An important aspect of any kind of information processing is the way in which the information is represented. In the brain it could be represented by the activity of single, individually meaningful neurons, or it could be that only the global activity pattern across a whole neuron population corresponds to interpretable states. There are strong theoretical reasons and experimental evidence [Földiák and Young, 1995, Thorpe, 1995] suggesting that the brain adopts a compromise between these extremes which is often referred to as sparse coding.
Let us suppose that there are binary coding units, neurons, which can be either ``active'' or ``passive''. An important characteristic of such a code is the activity ratio, the fraction of active neurons at any one time. At its lowest value it is local representation, where each state is represented by a single active unit from a pool in which all other units are silent, somewhat like the letters on a typewriter keyboard that are locally encoded. In dense distributed representation, each state is represented on average by about half of the units being active. Examples of this are the binary (ASCII) encoding of characters used in computers or the coding of visual images by the retinal photoreceptor array. Codes with low activity ratios are called sparse codes.
When the neurons have graded outputs it is more difficult to give a simple measure of sparseness. One is the entropy of the outputs[Attneave, 1954, Barlow, 1960, Watanabe, 1981], which decreases as the outputs become sparser. It is difficult to measure the entropy directly, but in some cases the kurtosis of the outputs can be used instead [Field, 1994]. The sparser the outputs, the larger the kurtosis. Although sparse codes do have large kurtosis, the opposite does not necessarily hold. It is possible to construct dense codes with large kurtosis [Baddeley, 1996]. In this work, a somewhat heuristic definition of sparseness for graded outputs is used. The code is said to be sparse if a small fraction of the inputs convey most of the information.
The activity ratio affects several aspects of information processing such as the architecture and robustness of networks, the number of distinct states that can be represented and stored, generalisation properties, and the speed and rules of learning (Table 1.1).
Table: Properties of coding schemes according to Földiák and Young (1995).
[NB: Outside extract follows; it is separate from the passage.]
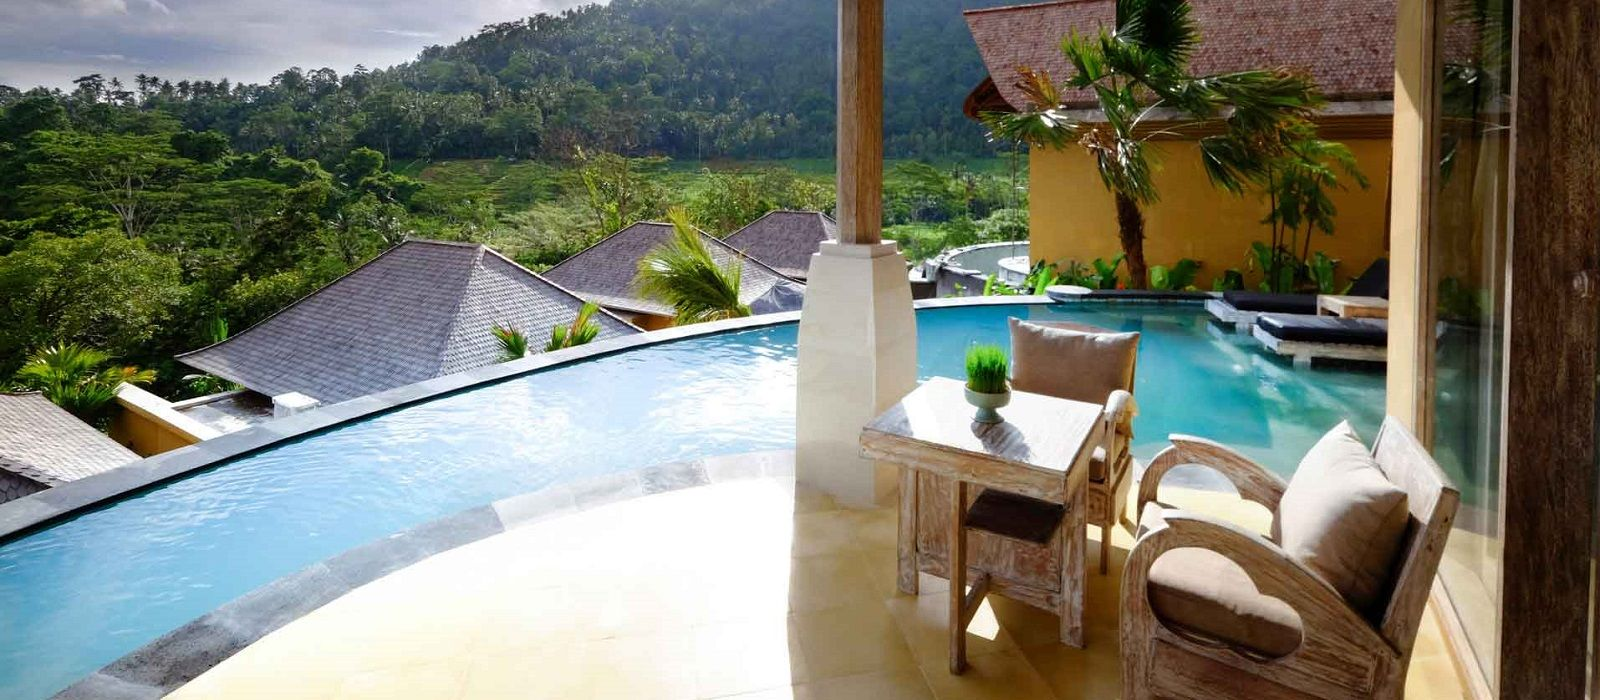 Hotel Wapa di Ume, Sideman Indonesia

The representational capacity of local codes is small: they can represent only as many states as the number of units in the pool, which is insufficient for any but the most trivial tasks. Even when the number of units is as high as that in primate cortex, the number of discriminable states well exceeds this number. Making associations between a locally encoded item and an output, however, is easy and fast. Single-layer networks can learn any output association in a single trial by local, Hebbian strengthening of connections between active representation and output units, and the linear separability problem does not arise. In such a lookup table, there is no interference between associations to other discriminable states, and learning information about new states does not interfere with old associations. This, however, also means that there will be no generalisation to other discriminable states -- which is a fundamental flaw, as we can expect a system never to experience precisely the same pattern of stimulation twice.
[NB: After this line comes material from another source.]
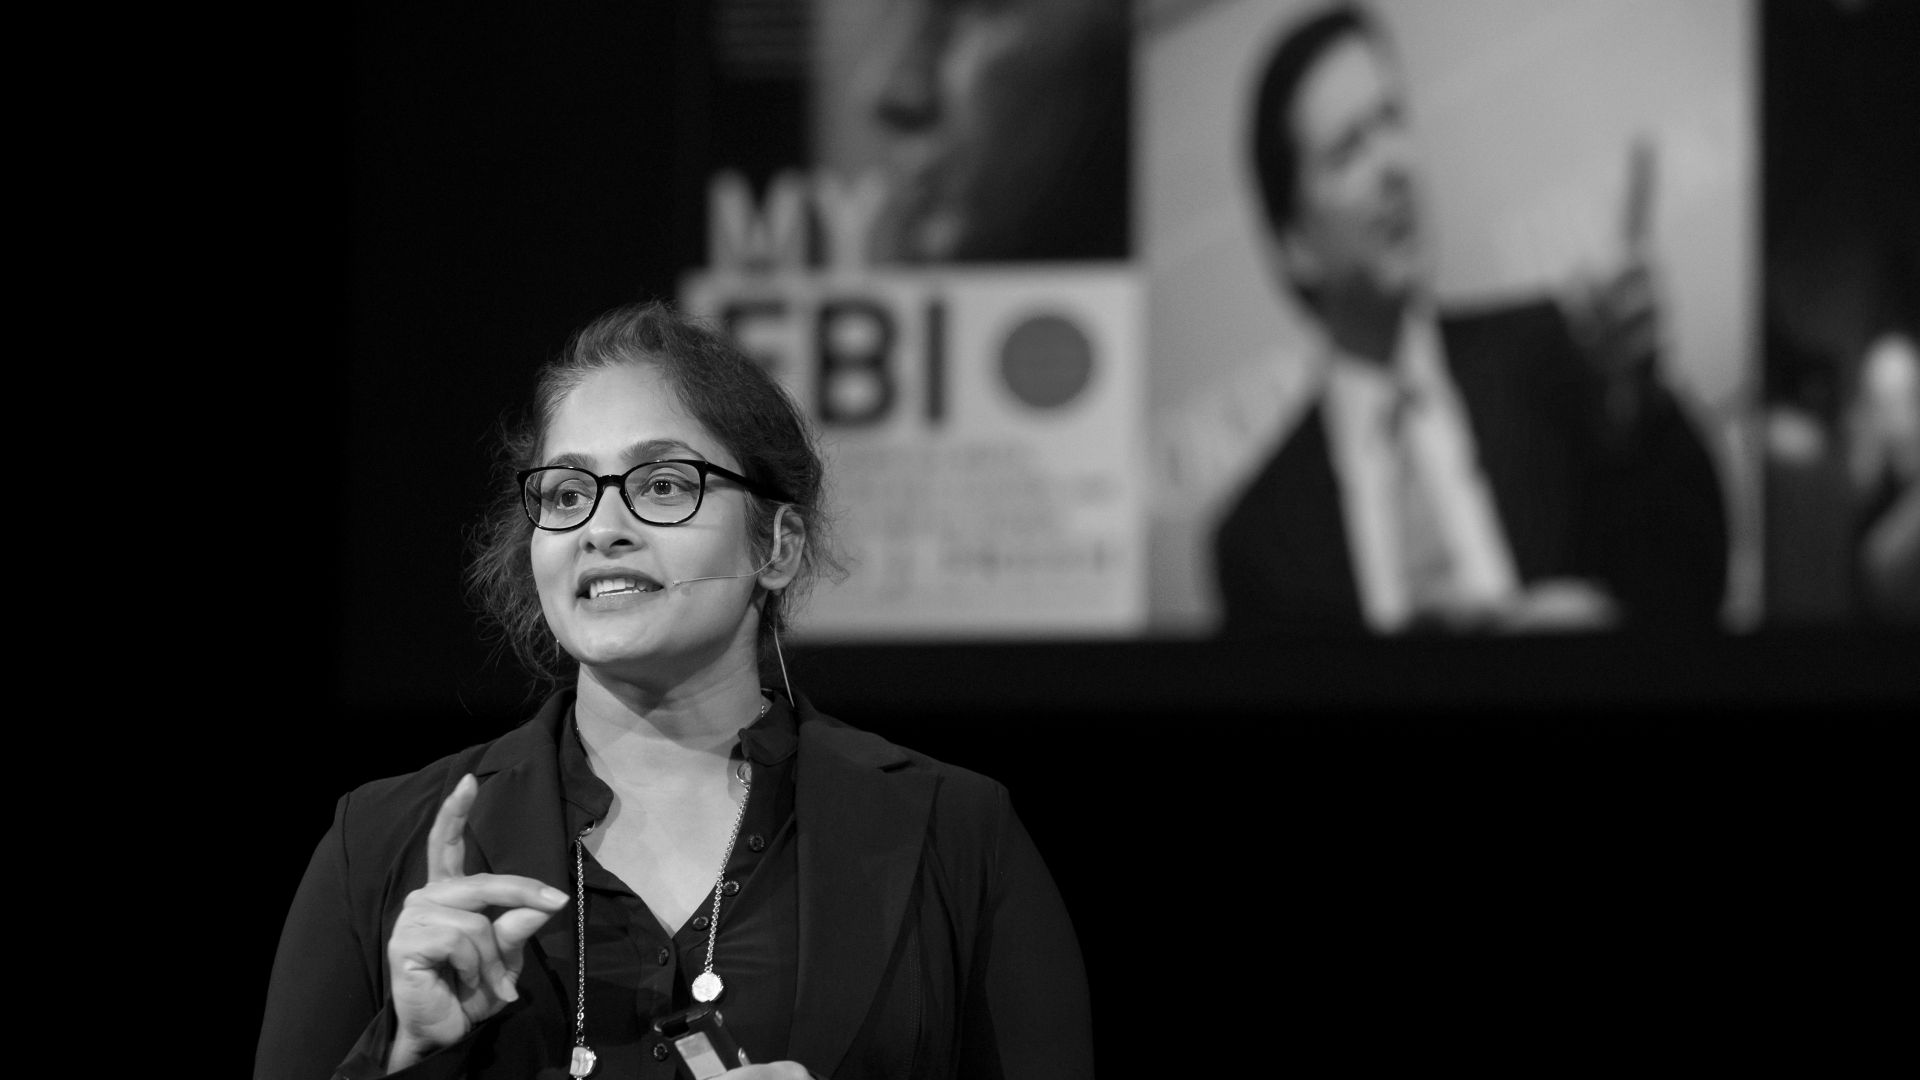 Presentation of Jaya Baloo (CISO KPN) at High Tech Campus Eindhoven

Dense distributed codes, on the other hand, can represent a very high number ( , where N is the number of units) of different states by combinatorial use of units. They are best suited for minimising the number of neurons needed to represent information. If the number of available neurons is high enough, the representational power is largely superfluous, as the number of patterns ever experienced by the system will never approach the available capacity, and therefore dense codes usually have high statistical redundancy. The price to pay for the potential (but unused) high information content of each pattern is that the number of such patterns that an associative memory can store is unnecessarily low. The mapping between a dense representation and an output can be complex (a linearly nonseparable function), therefore requiring multilayer networks and learning algorithms that are hard to implement biologically. Even efficient supervised algorithms are prohibitively slow, requiring many training trials and large amounts of the kind of training data that is labelled with either an appropriate output or reinforcement. Such data is often too risky, time consuming, or expensive to obtain. Distributed representations in intermediate layers of such networks ensure a kind of automatic generalisation [Hinton et al., 1986]. However, this often manifests itself as unwanted interference between patterns. A further serious problem is that no new associations can be added without retraining the network with the complete training set.
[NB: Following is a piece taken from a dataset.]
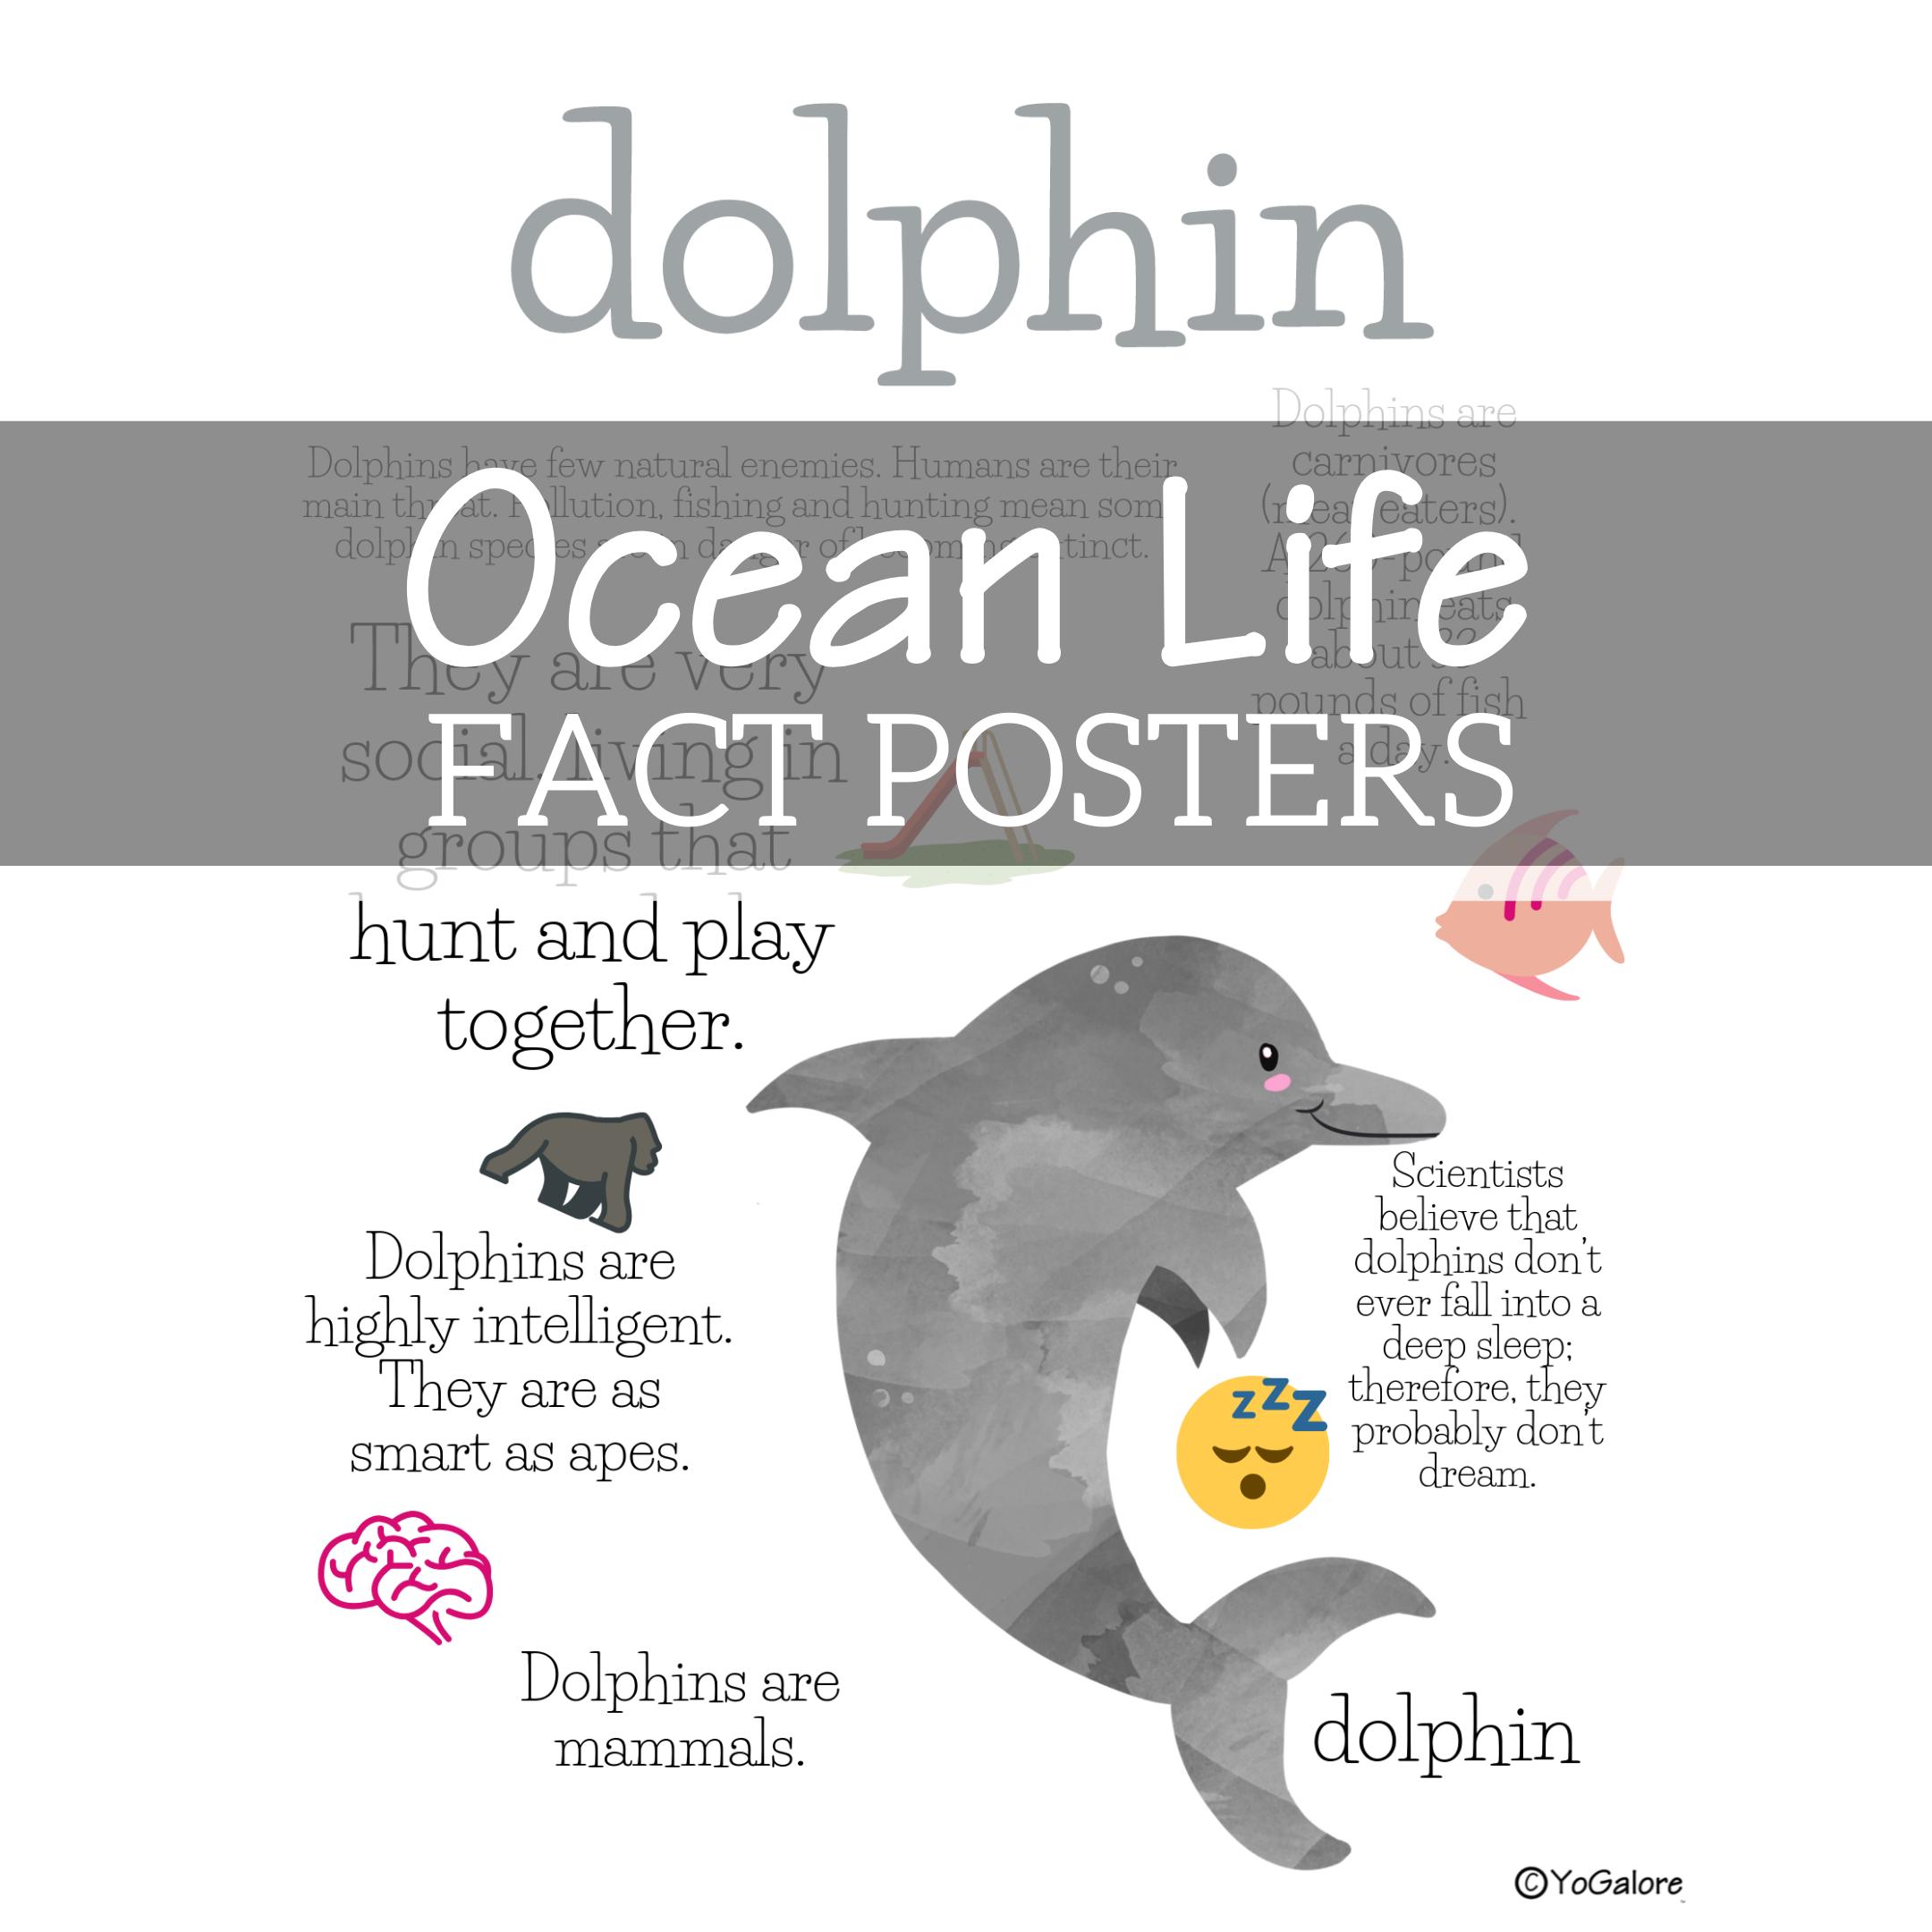 Ocean Life Fact Posters

Sparse codes combine advantages of local and dense codes while avoiding most of their drawbacks. Codes with small activity ratios can still have sufficiently high representational capacity, while the number of input-output pairs that can be stored in an associative memory is far greater for sparse than for dense patterns [Meunier and Nadal, 1995]. This is achieved by decreasing the amount of information in the representation of any individual stored pattern. As a much larger fraction of all input-output functions are linearly separable using sparse coding, a single supervised layer with simple learning rules, following perhaps several unsupervised layers, is more likely to be sufficient for learning target outputs, avoiding problems associated with supervised training in multilayer networks. As generalisation takes place only between overlapping patterns, new associations will not interfere with previous associations to nonoverlapping patterns.
Sparseness can also be defined with respect to components. A scene may be encoded in a distributed representation while, at the same time, object features may be represented locally. The number of simultaneously presented items decreases as activity ratio increases because the addition of active units eventually results in activation of ``ghost'' subsets, corresponding to items that were not intended to be activated.